CPU times: user 5.87 ms, sys: 2.92 ms, total: 8.79 ms
Wall time: 8.85 s


# 3. Join operation

In [6]:
# create a random dataset of ~10,000 chains
sample = ds.sample(withReplacement=False, fraction=0.0001, seed=1).select("structureChainId").withColumnRenamed("structureChainId", "id").distinct().cache()

print("Sample size:", sample.count())
sample.show(5)

Sample size: 9330
+------+
|    id|
+------+
|4AAQ.L|
|2WGG.A|
|2GBF.A|
|3IE2.D|
|4XET.A|
+------+
only showing top 5 rows



Now we use this sample dataset to run a database inner join for ~10,000 records

In [7]:
%%time
subset = ds.join(sample, ds.structureChainId == sample.id).drop(sample.id)
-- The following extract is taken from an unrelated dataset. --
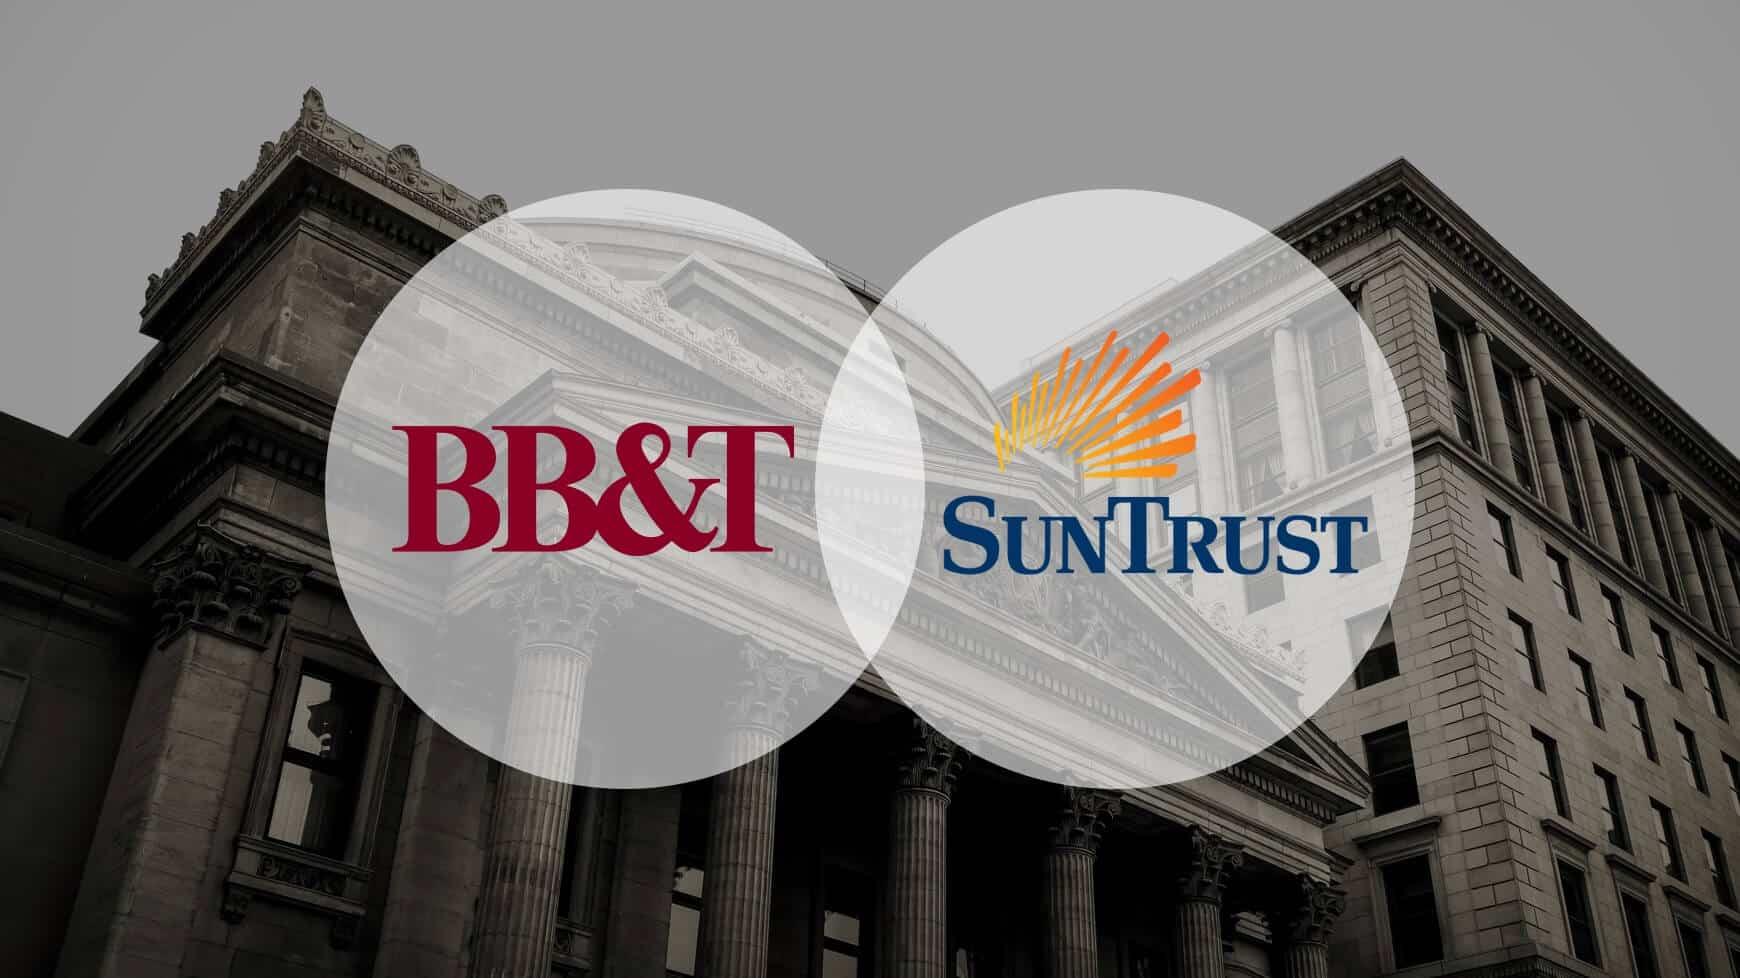 SunTrust and BB&T

print("Number of residue in subset:", subset.count())
subset.show(5)

Number of residue in subset: 3566391
+----------------+---------+---------+---------+----------+
|structureChainId|pdbResNum|pdbSeqNum|uniprotId|uniprotNum|
+----------------+---------+---------+---------+----------+
|          1CJ0.B|       -8|        1|   P07511|        15|
|          1CJ0.B|       -7|        2|   P07511|        16|
|          1CJ0.B|       -6|        3|   P07511|        17|
|          1CJ0.B|       -5|        4|   P07511|        18|
|          1CJ0.B|       -4|        5|   P07511|        19|
+----------------+---------+---------+---------+----------+
only showing top 5 rows

CPU times: user 6.85 ms, sys: 3 ms, total: 9.85 ms
Wall time: 9.57 s


# 4. Convert from Spark to Pandas dataframe

In [8]:
%%time
mk14_human.toPandas().head()

CPU times: user 741 ms, sys: 121 ms, total: 862 ms
Wall time: 1.79 s


Unnamed: 0,structureChainId,pdbResNum,pdbSeqNum,uniprotId,uniprotNum
0,2ZB1.A,4,4,Q16539,4
1,2ZB1.A,5,5,Q16539,5
2,2ZB1.A,6,6,Q16539,6
3,2ZB1.A,7,7,Q16539,7
4,2ZB1.A,8,8,Q16539,8


In [9]:
spark.stop()

In [10]:
end = time.time()
print("Spark dataframe total time", end-start, "sec.")

Spark dataframe total time 57.3903911113739 sec.